▸ **Work task**
Locate "The marble bust" in the data below, then output the line it is on and all following lines through the last, word for word. Skip any pictures.

▸ **Information provided**
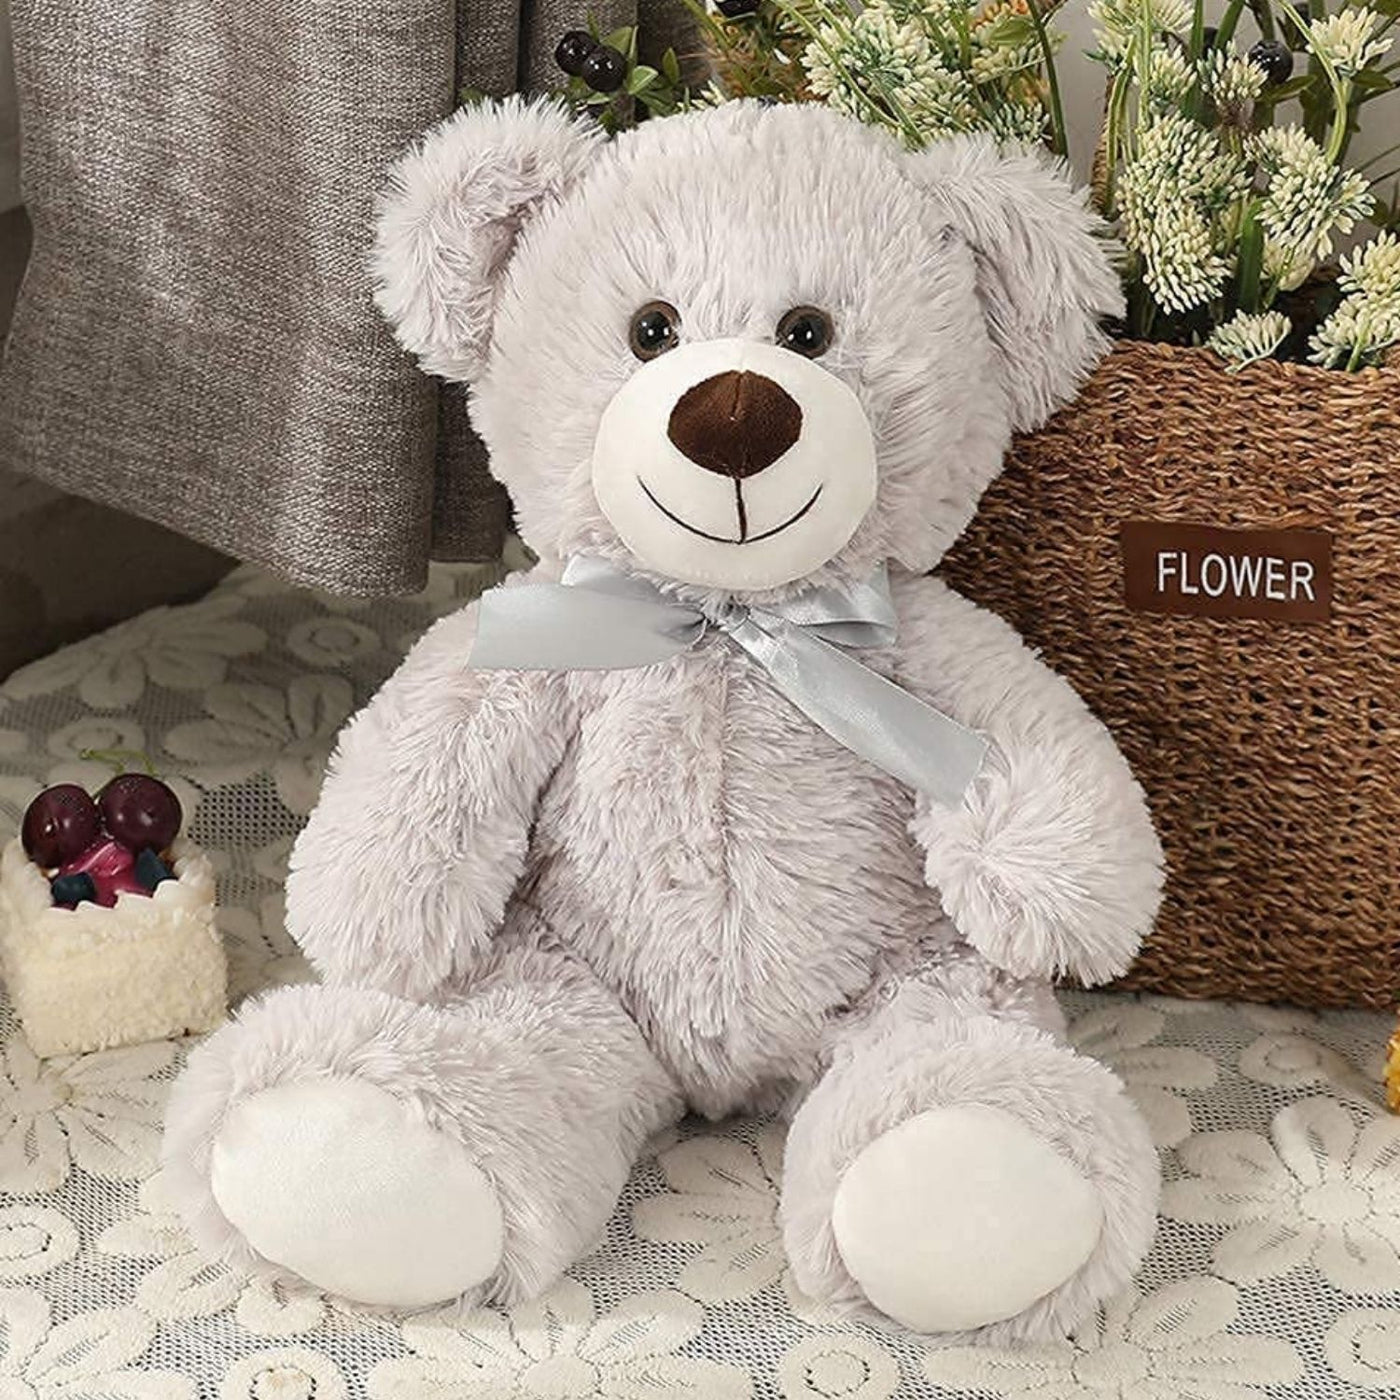 3-Pack Teddy Bear Stuffed Toy Set, White/Grey/Light Brown, 13.8 Inches
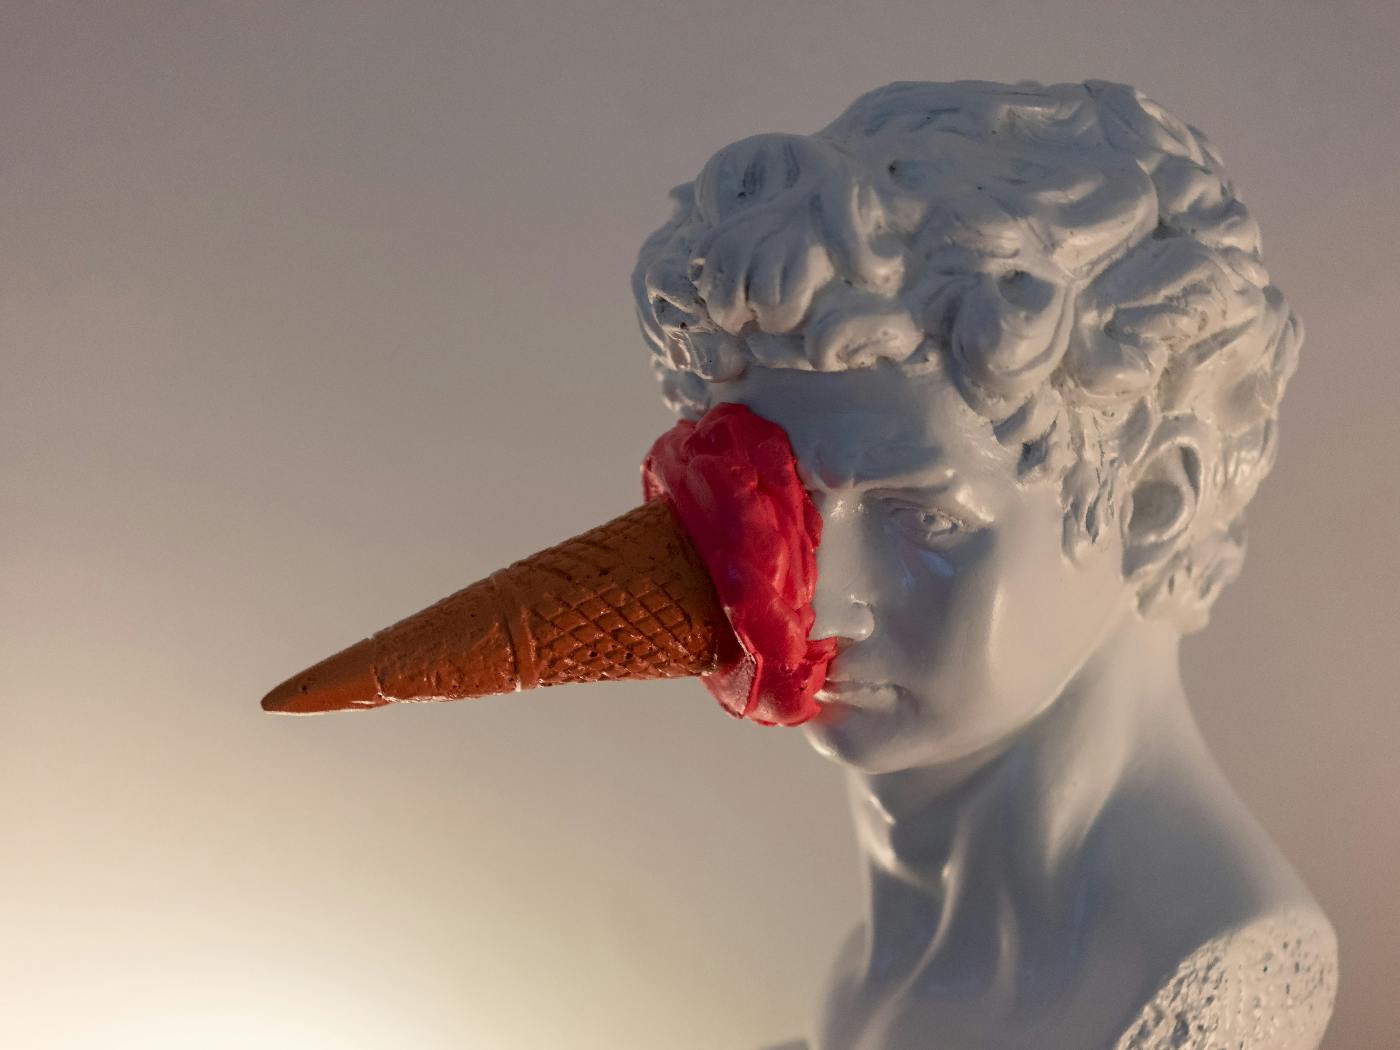 The marble bust of a man with a red ice cream cone stuck to his face
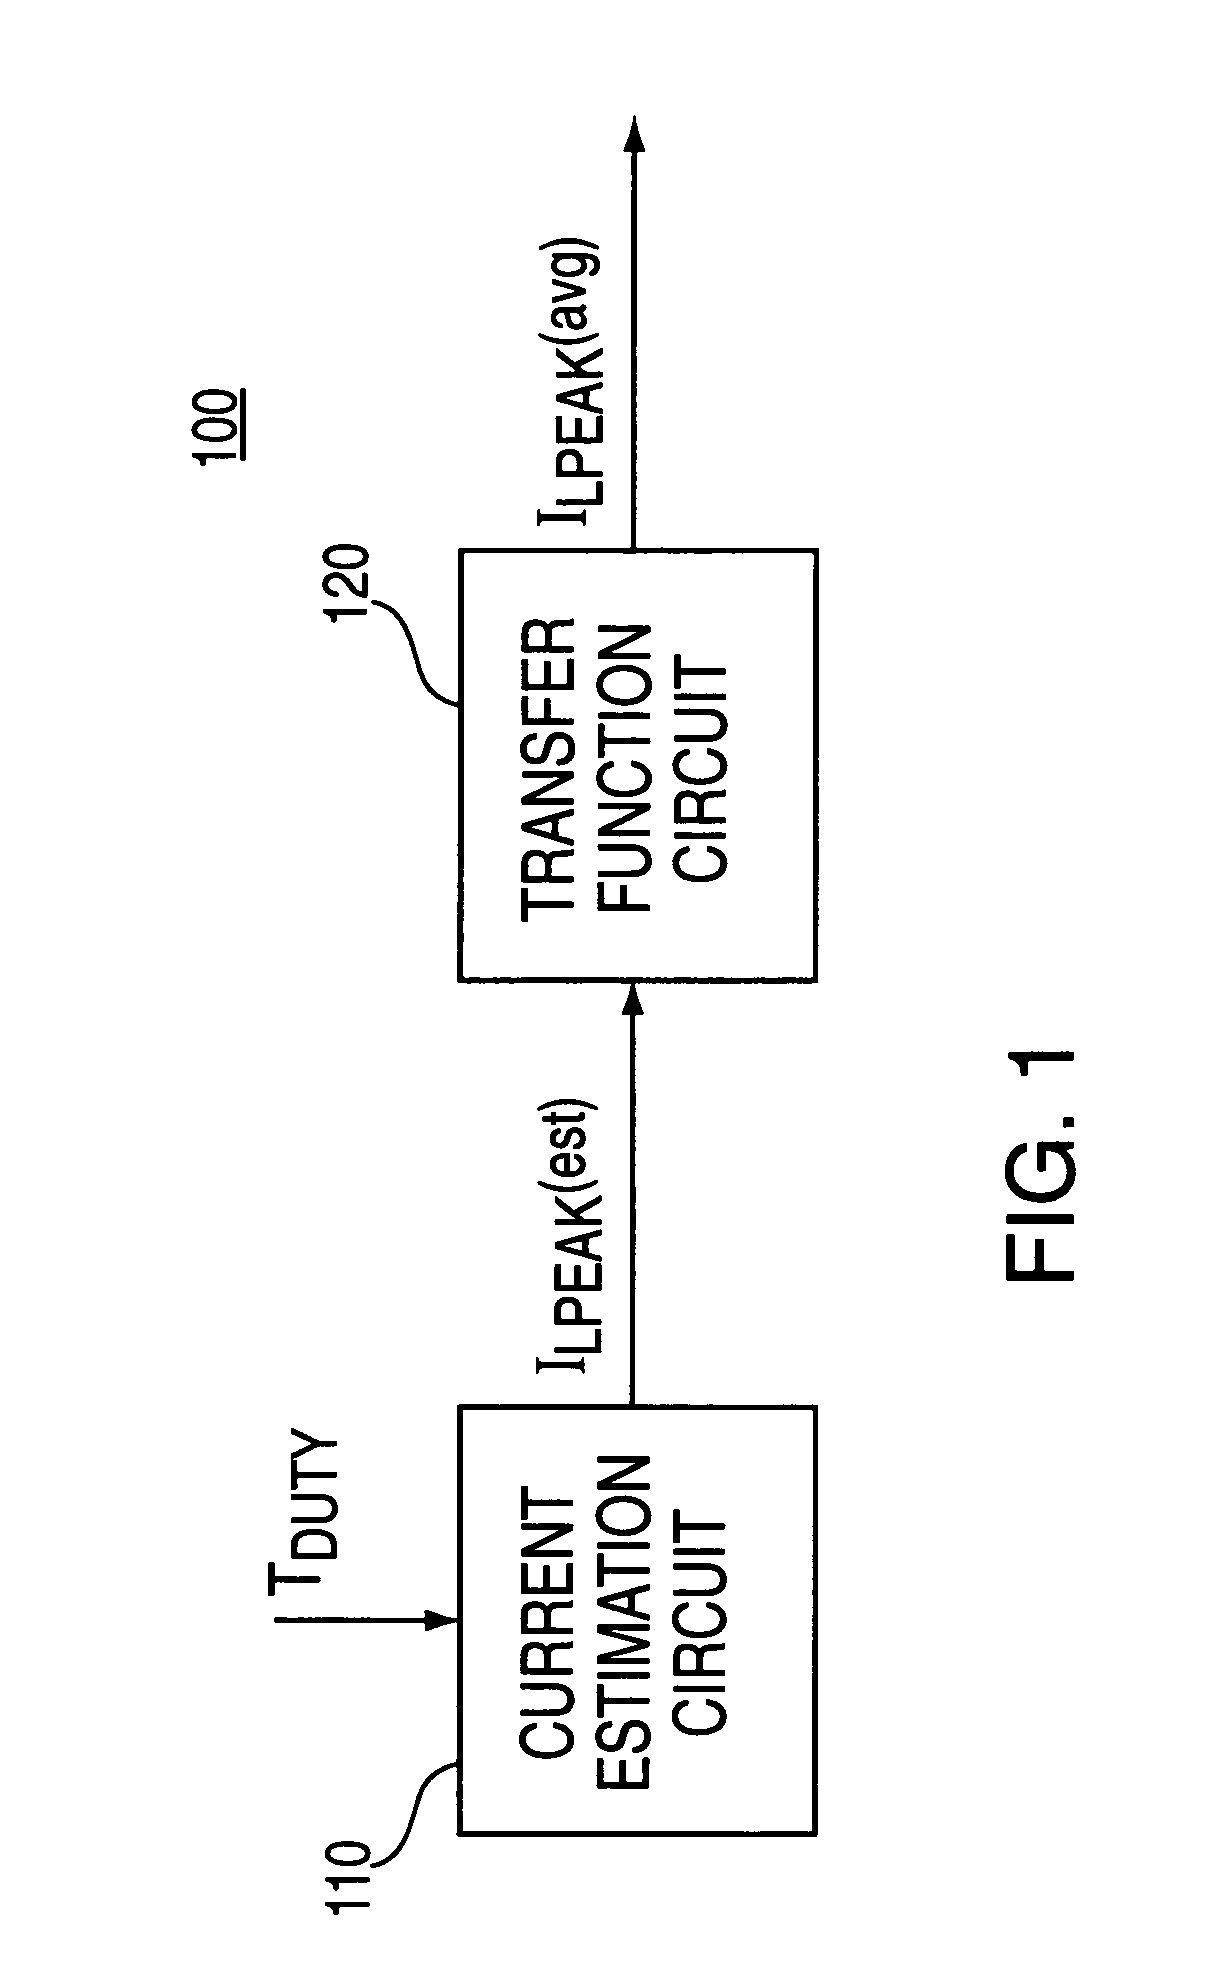 Time-based current control in switching regulators

▸ **Answer section**
 The marble bust of a man with a red ice cream cone stuck to his face
 Time-based current control in switching regulators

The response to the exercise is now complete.